Donc, c'est sda3 qui a été rétréci ... J'ai utilise "-s -35G" ... Maintenant, j'ai entendu dire qu'il faut ... supprimer la partition (device) et recréé ... une plus petite (-35Go quoi) et la faire commencer exactement au meme endroit que la précédente (car le début d'une partition n'est pas modifiable).

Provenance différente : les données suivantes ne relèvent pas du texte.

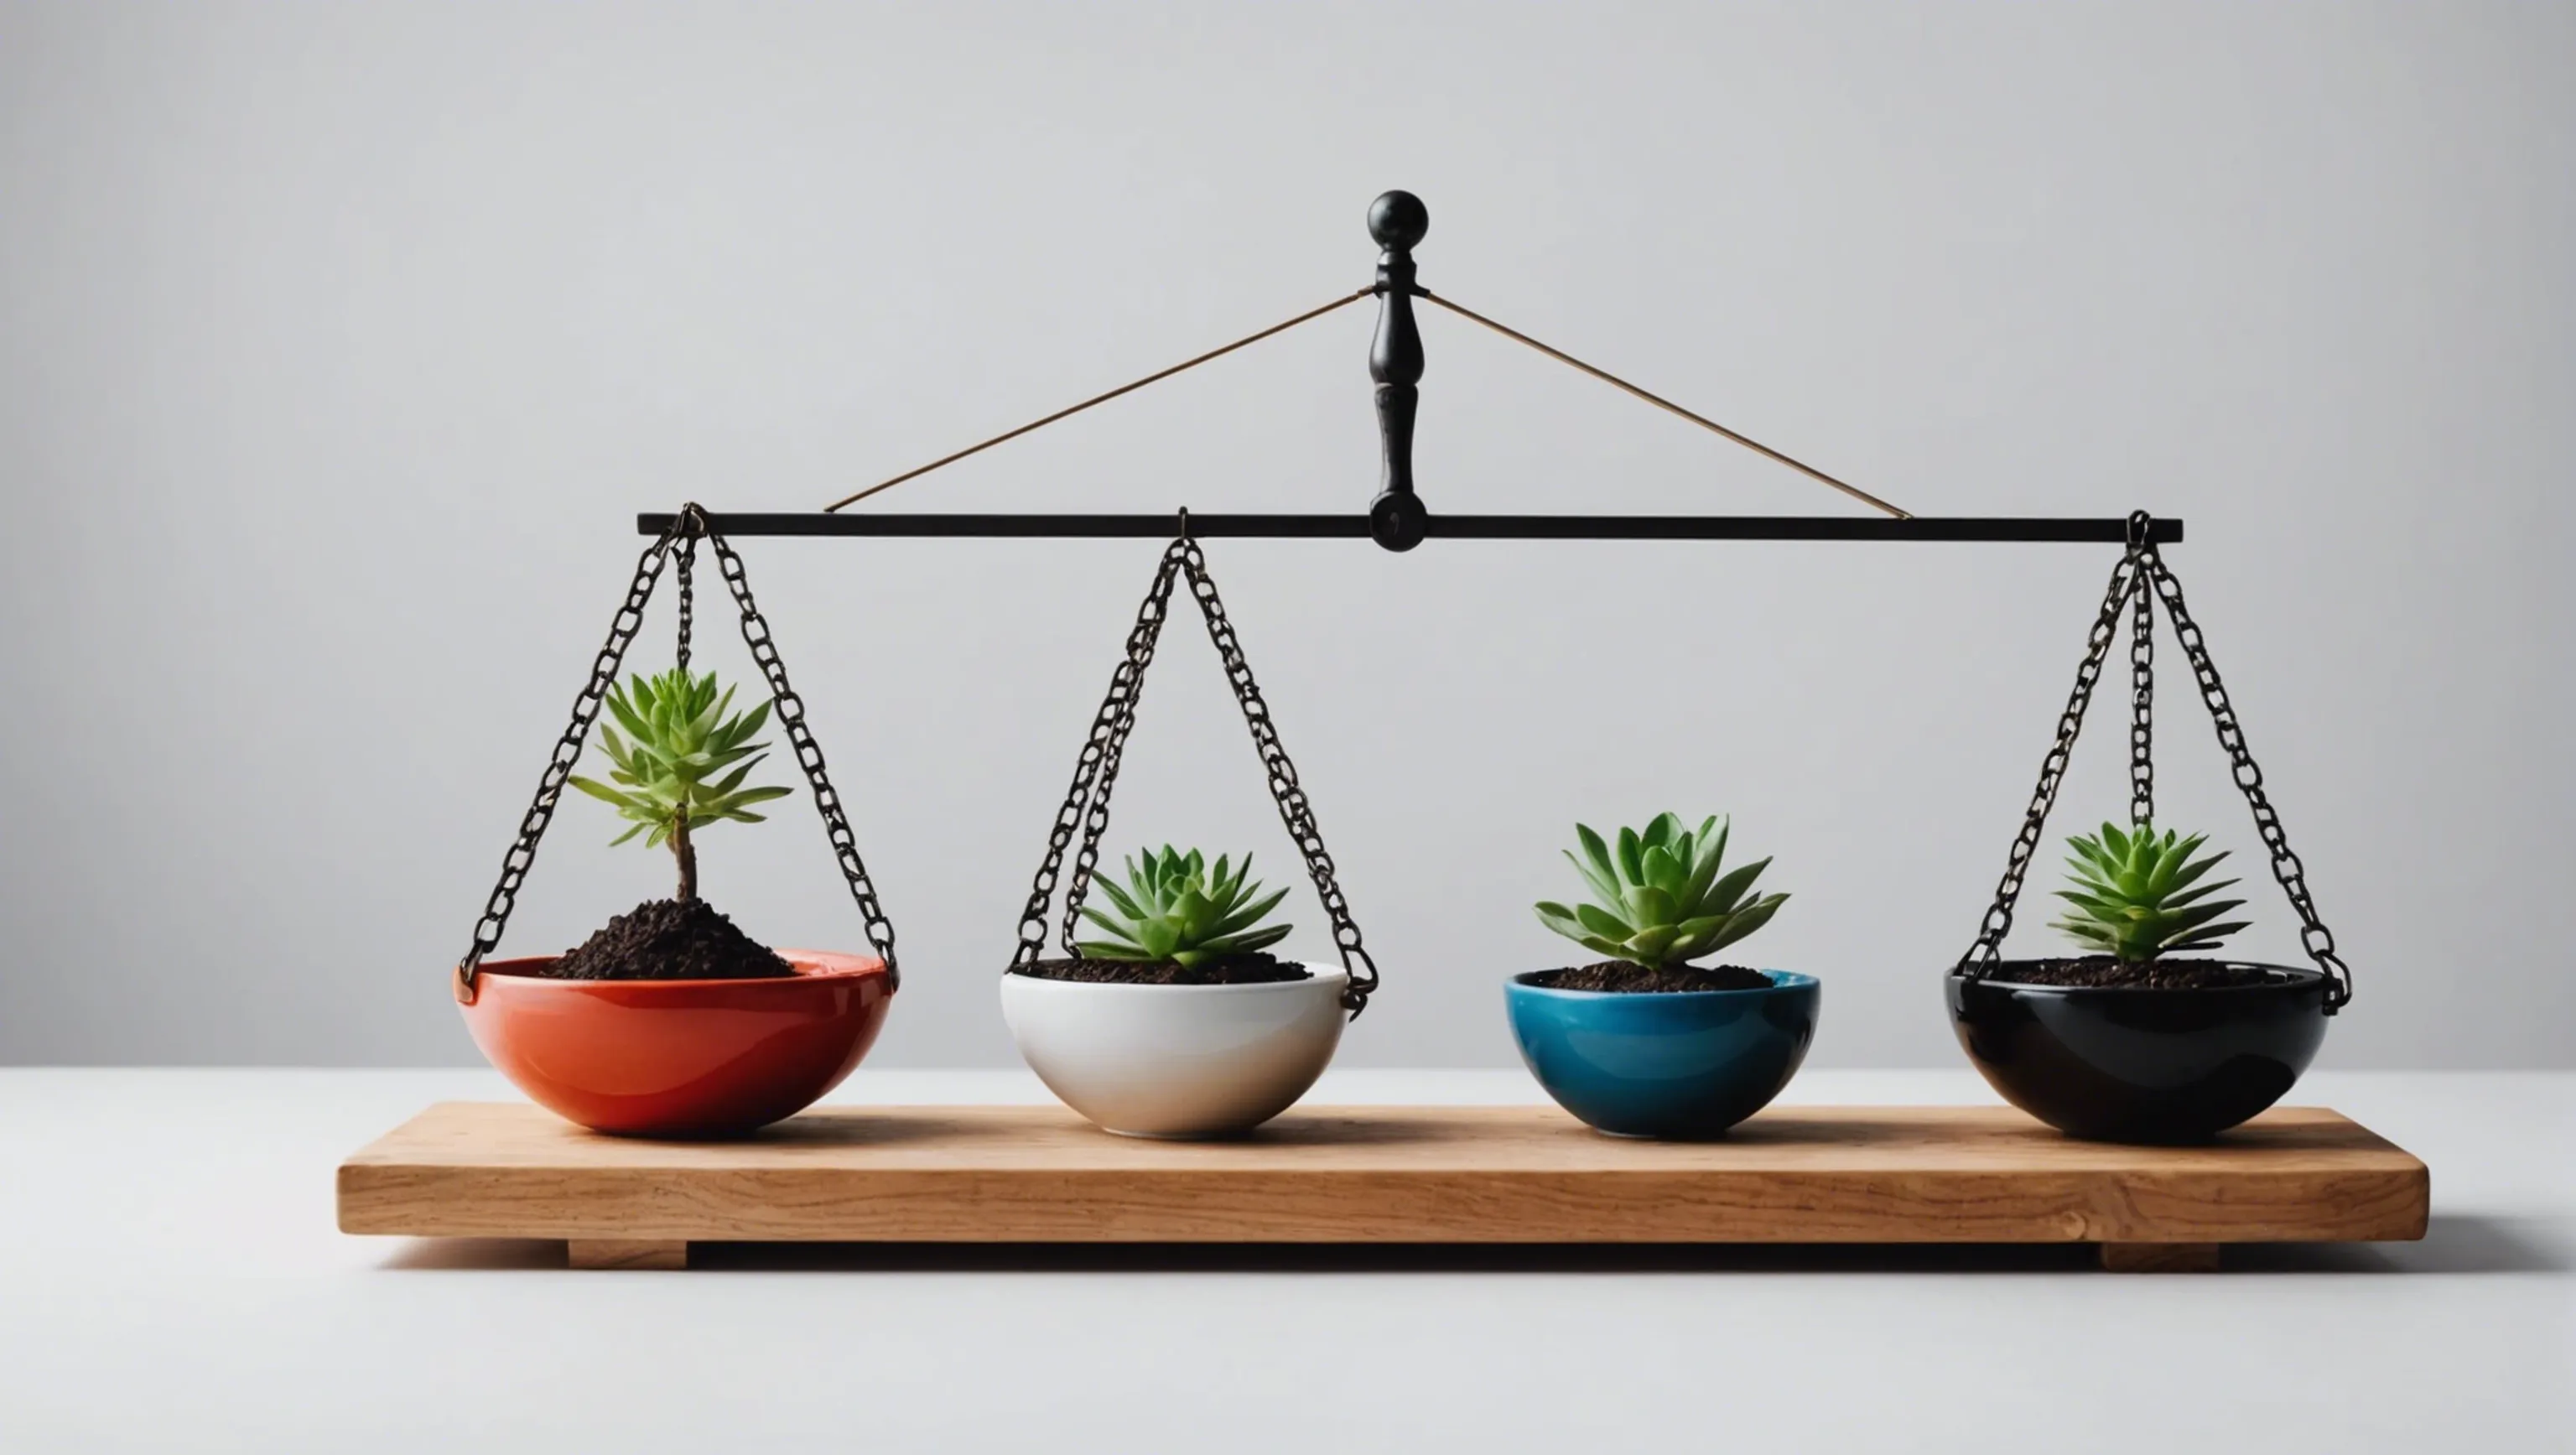 Finding the right balance between quality and quantity in content marketing

Alors, ben ... un peu d'aide serait la bienvenue ... 

 :Rolling Eyes: 

EDIT: arf arf arf, c'est pire que prévu ... Je viens de voir que ... j'avais ... déjà une partition 30Go ... (oui, c'est pour win la partition) en "sda4". Si je supprime la partition "sda3" et que je la recrée, mais en plus petite, ben l'espace libre est inutilisable car sda4 est déjà existant et donc, plus de partition primaire possible je présume. Donc, ce qui serait intéressant, c'est de supprimer "sda4" (qui est créée mais inutilisée depuis le début) ainsi que "sda3" et de recréée une "sda3" plus petite qu'avant et de refaire une "sda4" qui consomerait tout le reste donc sda4=sda4+35G ; sda3=sda3-35G.

Je coince, car j'ai peur de faire une fausse manoeuvre au niveau de la recréation. Est-ce possible déjà ce que je veux faire ? (tuer sda3 et 4 pour les refaires ? Est-ce que sda4 pourrait récupérer l'espace de sda3? En toute logique, ca à l'air possible vu que 4 est après 3 ...). ET pour finir, qu'elle sont les calculs a effectuer pour recréer les partitions à la taille exacte de la redimention du reiserfs ?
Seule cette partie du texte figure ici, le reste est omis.